Юноше не приходилось еще видеть настолько больного человека, больного, который каждым своим вздохом намеренно сокращал время, оставшееся до смерти. Он выразительно пялился на сильного мужчину, которого выворачивало наизнанку, лишь бы незнакомец поскорее обратил на него внимание. И тут Филоктет молниеносно, с силой оттолкнувшись от земли, нырнул в кусты, надеясь найти там достаточно надежную защиту с тыла, чтобы попозже выскользнуть с лужайки прямо на тропу, ведущую в селение. Однако мужчина крикнул настолько глубоким голосом, что, казалось, сам его звук прижал юношу к земле.
– СТОЙ! Во имя всего… прошу тебя… – разнесся голос незнакомца. – Куда ты бежишь?! Разве ты не видишь, как мне плохо, разве я смогу поймать тебя?.. Не бойся.

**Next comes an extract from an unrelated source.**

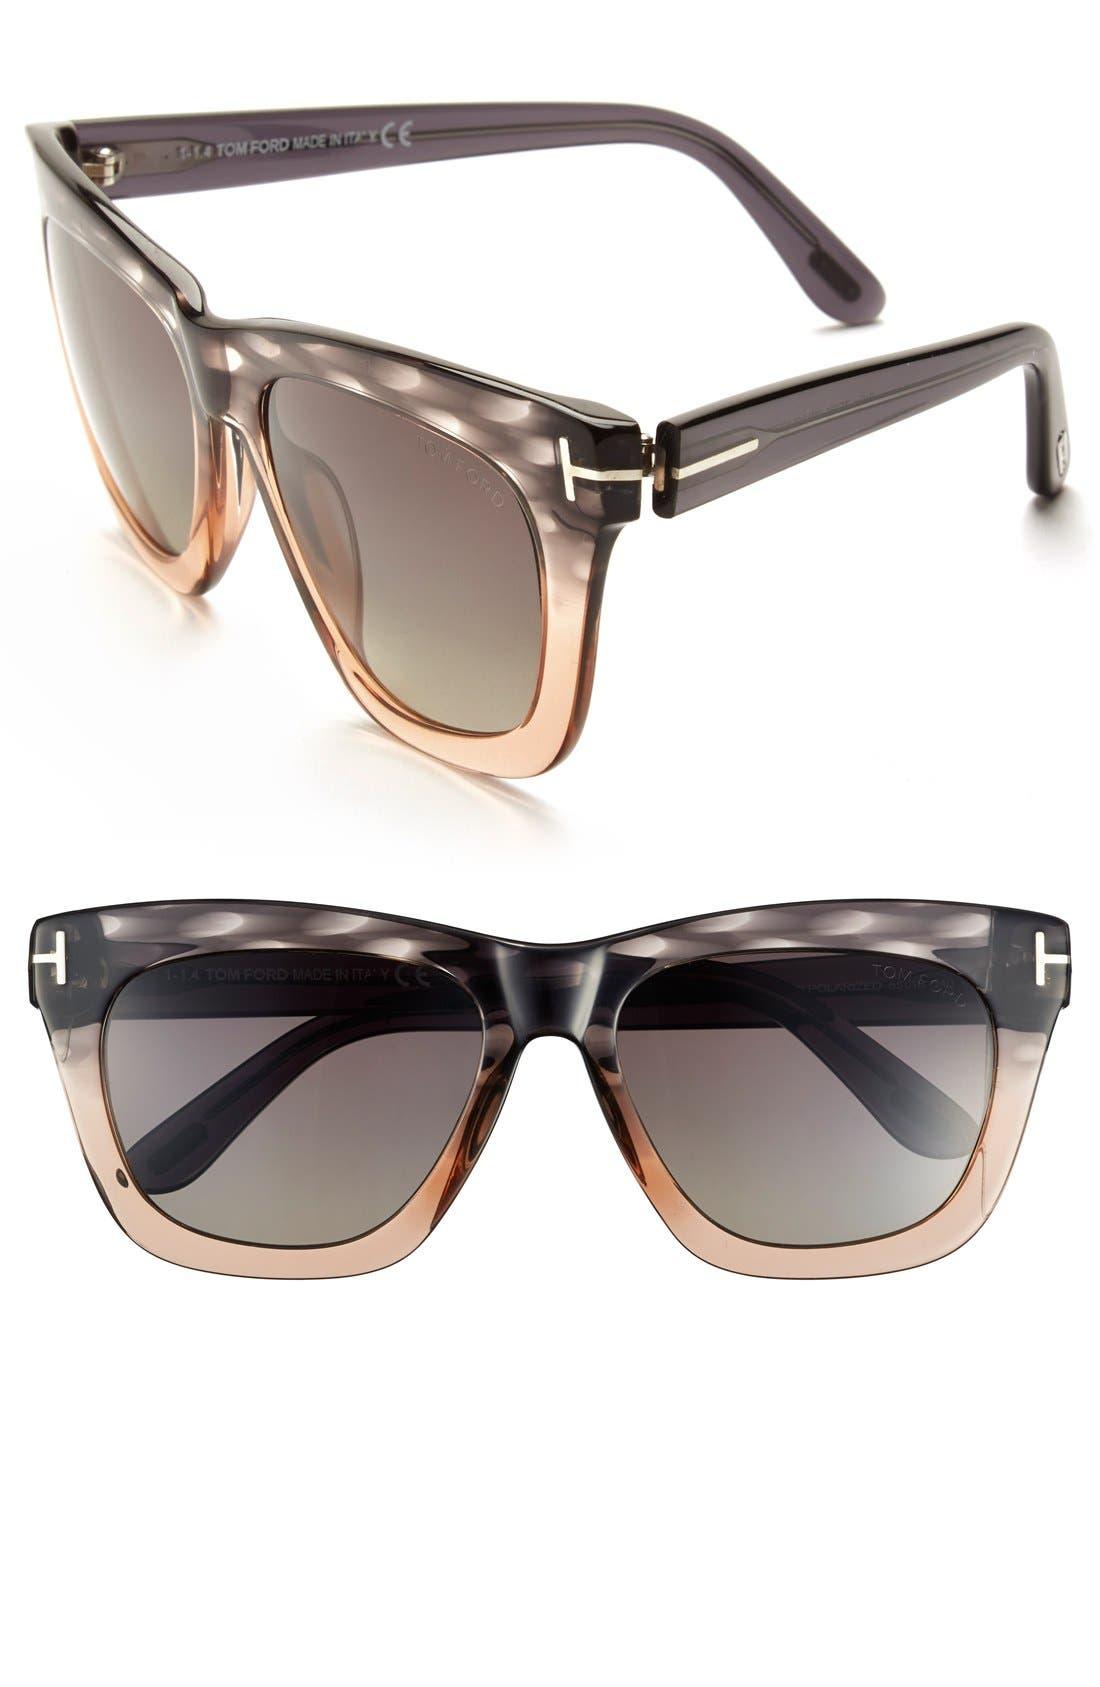 Main Image - Tom Ford 'Celina' 55mm Polarized Sunglasses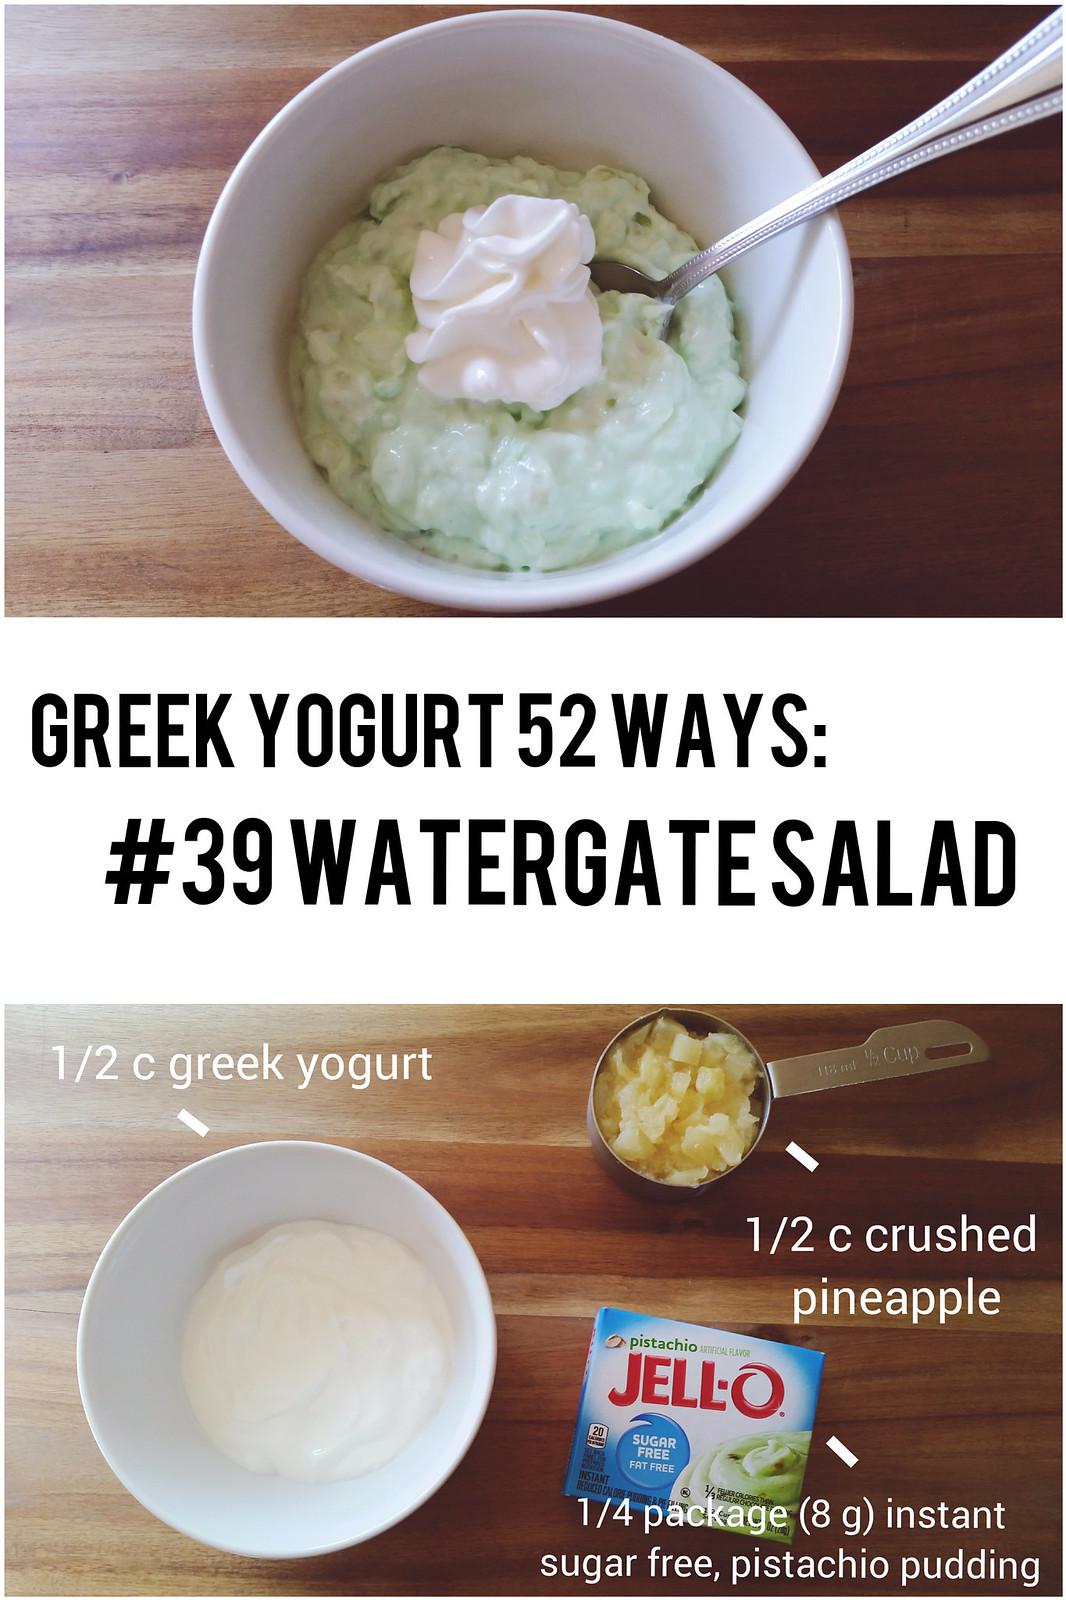 greek yogurt 52 ways: # 39 watergate salad

Ничто постороннее не проникло в мое тело, похоже, это всегда жило во мне, и только время не позволило ему развиться раньше, а вот теперь началось. Как будто оно пряталось за дверцей в каком-то органе моего тела, выжидая старательно и терпеливо в смертоносной засаде, выжидая мгновение, когда эта дверца отворится и выпустит бестию на волю. Этот путник, или гость, которого мы всю жизнь носим в себе, пытается окончательно овладеть… – гремел гигант, подавляя, казалось, буйством слов притихшего, но не прекращающего ворочаться зверя, о котором он решил рассказать.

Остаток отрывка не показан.